Final Report (at least 5 pages without figures):
- Explain the motivation for the project and state the problem clearly.
- Attach the link of github repo for this project.
- A description of the data include plots.
- Any hyperparameter and architecture choices that were explored.
- Presentation of results.
- Analysis of results.
- Any insights and discussions relevant to the project.
- Format: You are strongly encouraged to use Latex (here’s a link to the overleaf files). If you are not using this format, make sure to include all sections given in the format. If you prefer to use Microsoft Word, you may refer to the CVPR template.
Your grade will consist of in-class quiz (5%), Homework (55%), a Final Project (40%).
The total score is the weighted average of scores in all categories. The total scores in 90-100 are guaranteed at least an A-. The total scores in 80-90 are guaranteed at least an B-. The total scores in 70-80 are guaranteed at least an C-. The total scores in 60 - 69 are guaranteed at least a D-. The lower bound of each interval may be expanded, which depends on the overall performance.
The Undergraduate Honor Code pledge that each member of the university community agrees to abide by states:
“As a Hokie, I will conduct myself with honor and integrity at all times. I will not lie, cheat, or steal, nor will I accept the actions of those who do.”
Students enrolled in this course are responsible for abiding by the Honor Code. A student who has doubts about how the Honor Code applies to any assignment is responsible for obtaining specific guidance from the course instructor before submitting the assignment for evaluation. Ignorance of the rules does not exclude any member of the University community from the requirements and expectations of the Honor Code. Academic integrity expectations are the same for online classes as they are for in person classes. All university policies and procedures apply in any Virginia Tech academic environment. For additional information about the Honor Code, please visit: https://www.honorsystem.vt.edu/
Honor Code Pledge for Assignments: The Virginia Tech honor code pledge for assignments is as follows:
“I have neither given nor received unauthorized assistance on this assignment.”

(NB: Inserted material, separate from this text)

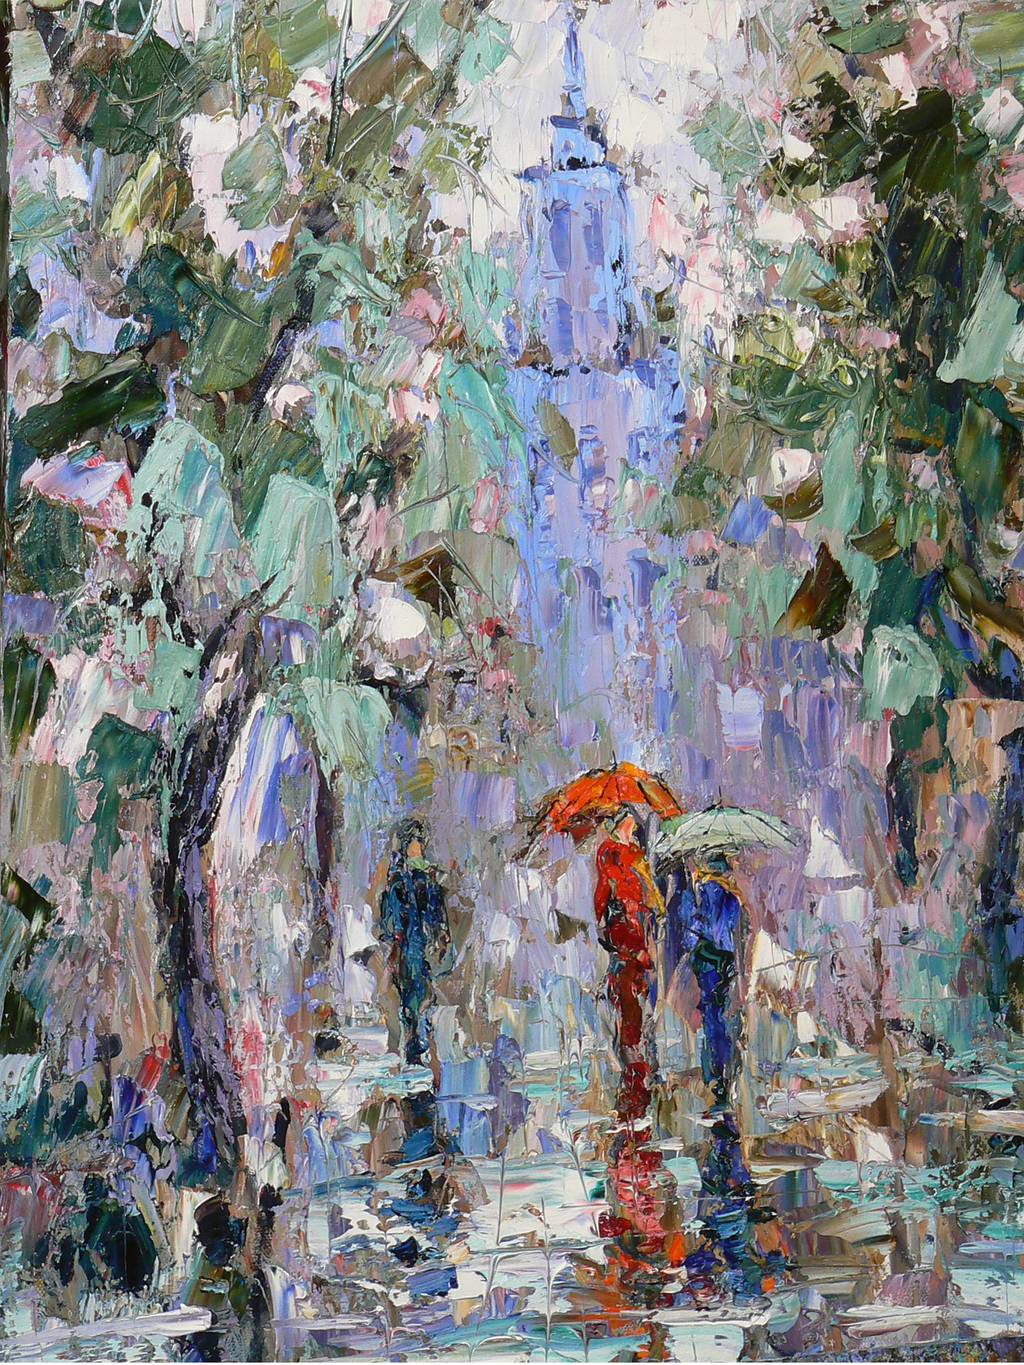 Moscow Rain, 80x60cm., oil on canvas, 2015

The pledge is to be written out on all graded assignments at the university and signed by the student. The honor pledge represents both an expression of the student’s support of the honor.
The field of Computational Modeling and Data Analytics requires professionals who act with the highest ethical standards. CMDA teaches skills that empower you to have a tremendous impact upon the world. We teach you these skills with the expectation that you will exercise them responsibly.
Responsible practice is a habit forged during your undergraduate studies.